Charles Peter Brown (April 3, 1951 – August 14, 2003) was an American politician and member of the Minnesota House of Representatives from southwestern Minnesota. Narrowly elected in 1984, he was solidly re-elected in 1986 in the Democratic-Farmer-Labor Party's “firestorm” that swept through the region, giving Democrats unprecedented control of southwestern Minnesota for the next several election cycles. Re-elected again in 1988, 1990, 1992 and 1994, he serving six terms before retiring. He represented the old District 11A and, later, District 13A, which included all or portions of Big Stone, Douglas, Grant, Pope, Stevens, Swift and Traverse counties, changing somewhat through redistricting in 1990.

While in the legislature, Brown was a member of the House Agriculture, Appropriations, Capital Investment, Education, General Legislation & Veterans Affairs, Judiciary, Labor-Management Relations, Local Government & Metropolitan Affairs, Taxes, Transportation, and Ways & Means committees, and of various sub-committees relevant to each area. He chaired the Local Government & Metropolitan Affairs Committee during the 1993-94 Session.
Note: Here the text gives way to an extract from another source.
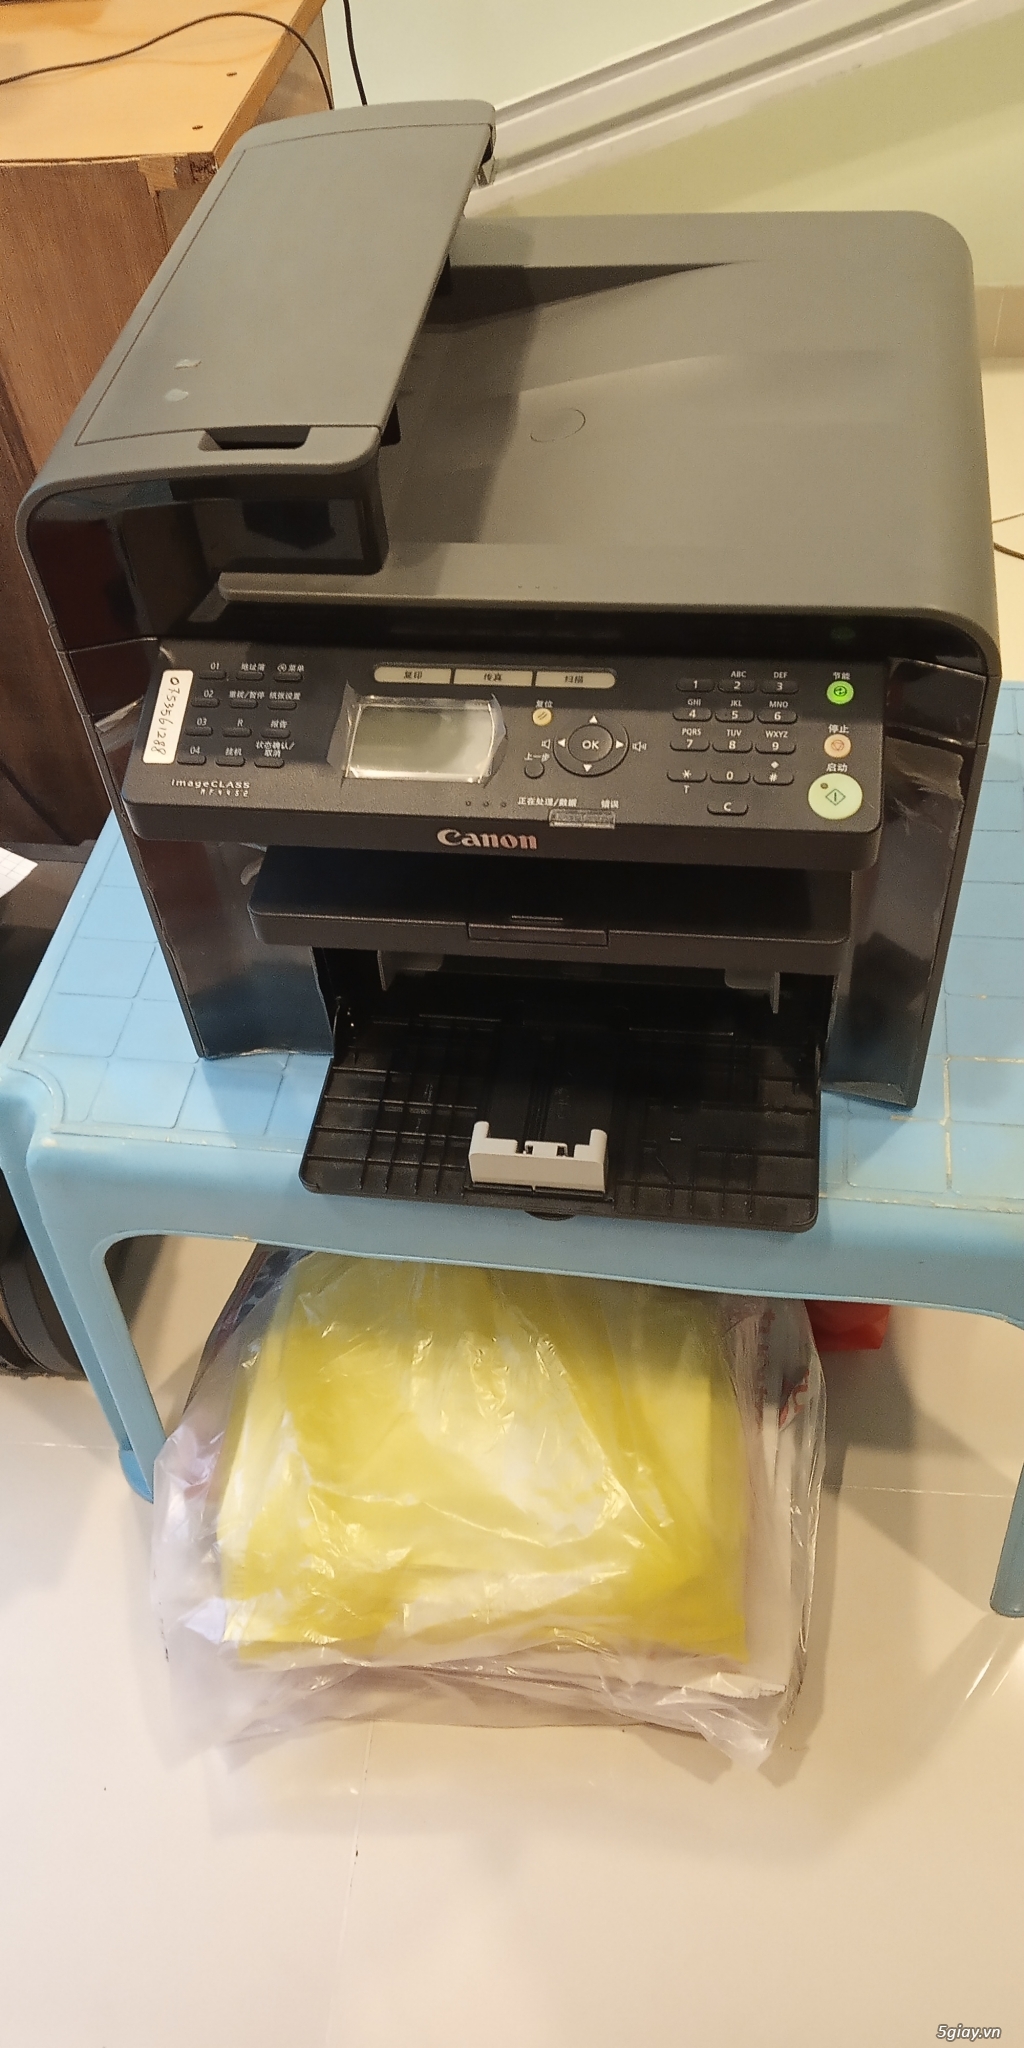 Cần bán 1 máy in CANON 4452 đa chức năng, Coppy, Scan, Fax, In, - 4

From the town of Appleton, Brown was an auctioneer by trade. After leaving the legislature in 1997, he became a contract lobbyist for several groups, including the Tubman Family Alliance. Through his work for the Domestic Violence Legislative Alliance, he
represented the interests of Tubman and numerous other service providers across Minnesota. He died unexpectedly in August 2003.